Public accounting offers many opportunities for growth, and the proof of this is the rising revenues at most of the firms that submit their numbers in the many surveys. One thing common among those firms is their expanding array of services.

Managing an accounting practice is complicated and involves many functions that need to be carefully calibrated and integrated to achieve success. However, there is one immutable fact, and that is a desire of our clients to engage us for those services. Without that, nothing else matters. Excellence in every other facet of operating the accounting business will not matter. So, how can you grow so that 2025 is your best year ever? You need to offer more services to your current clients and then to new clients. 

Growth from existing clients is called organic growth. Growth from new clients is external and arises from marketing activities and client acquisition by purchase or merger. If you want to grow, you need growth from both organic and external sources. How much you want to grow and whether you want to grow has to be strategically determined, but a minimum decision has to be that some growth is needed.

Added sales of new services are more easily obtained from existing clients. There is no selling who you are, your reliability, or your willingness and ability to provide value in everything you do for your clients. Each of these need to be conveyed to new clients before you even get to the pitch of the services you will perform for them. 

So go after the easier sales first, i.e., to your existing clients. Here’s a way to get started:

  1. Identify potential needs of your top 20 business clients.
  2. Arrange those needs into services you presently offer, and
  3. Services you do not perform.
  4. Match the potential needs with this group of 20 clients with services you presently offer. 
  5. Contact five of those clients to obtain an engagement for at least one such service.
  6. Set a goal of initiating a new service for each of those five clients in the new year.
  7. If you are unsuccessful with your first five targeted clients, then expand the list until you succeed with five added engagements.
  8. You can try to introduce each of these 20 and even more clients with added services, but I think setting a goal of five added engagements is a good way to start.
  9. Expand your service offerings by resolving to learn and gain proficiency in at least one new service during the next year. 
  10. Get started by picking a needed service that you do not perform and use that for your personal growth along with your practice’s growth.
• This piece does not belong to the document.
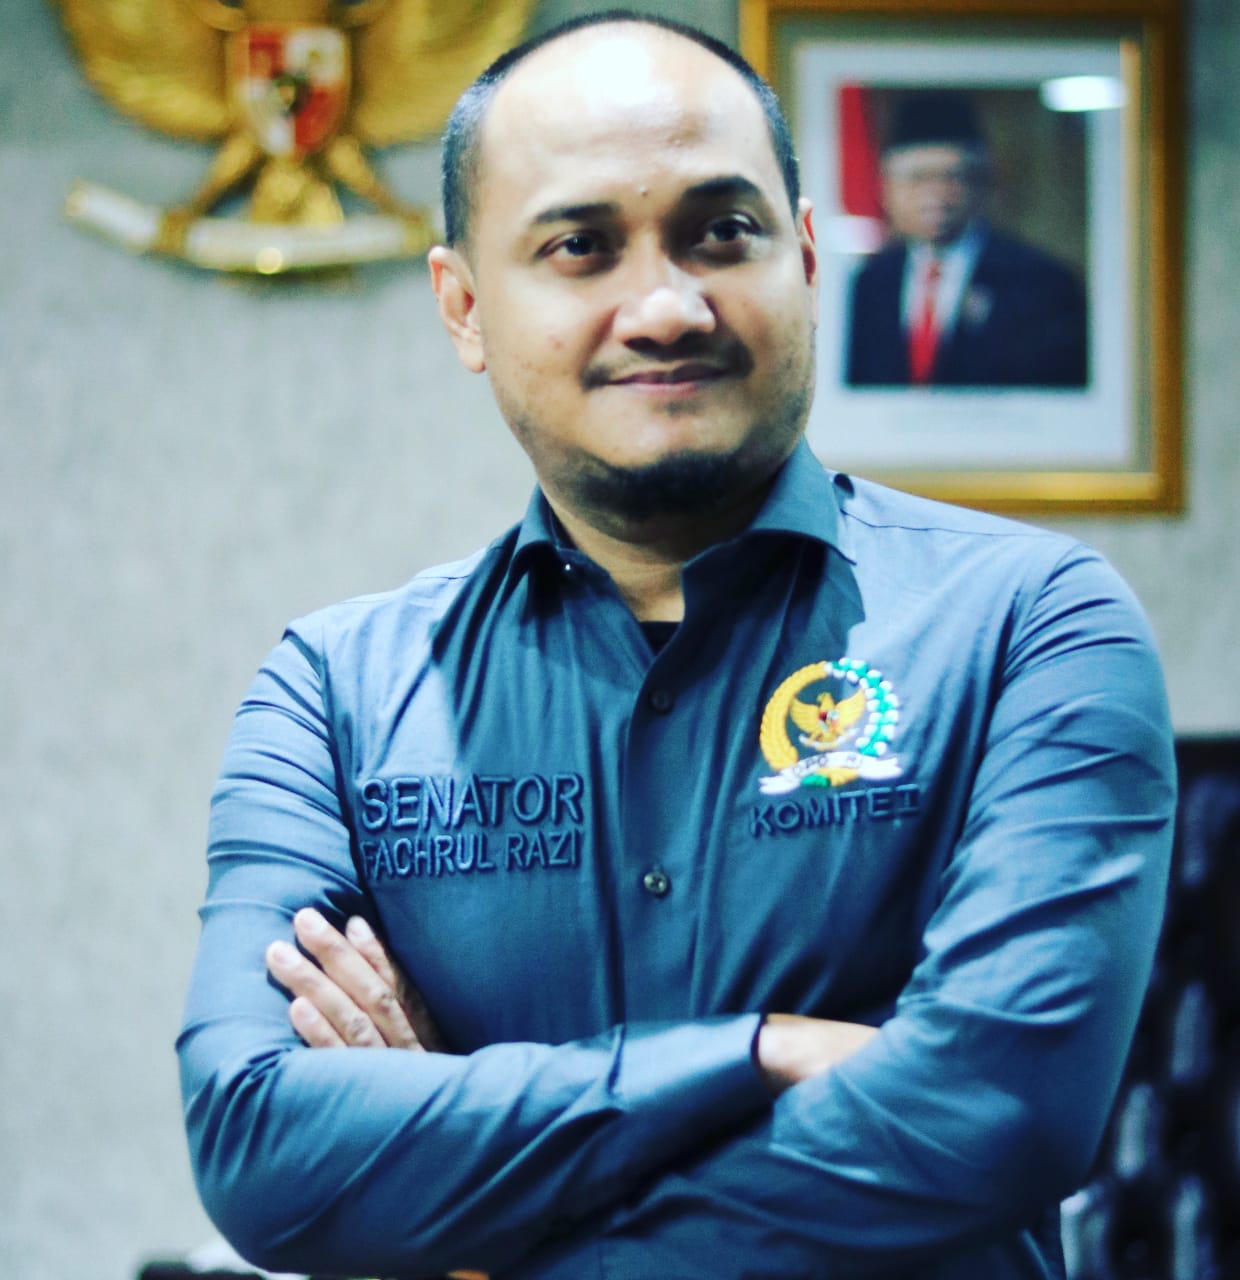 Ketua komite I Fachrul Razi mengapresiasi kinerja KPK tahun 2020

Overly active practitioners might judge my suggestions to be too placid, while many owners and partners who are content with leaving things as they are will judge me to be excessively aggressive. Either way, I do not see how anyone could lose by selling five large clients the services they need and learning a new one for themselves. I view this as a no-lose growth method.

Check out some ideas of added services described in a recent posting.

Make 2025 your best year ever by doing something new to make it your best year ever.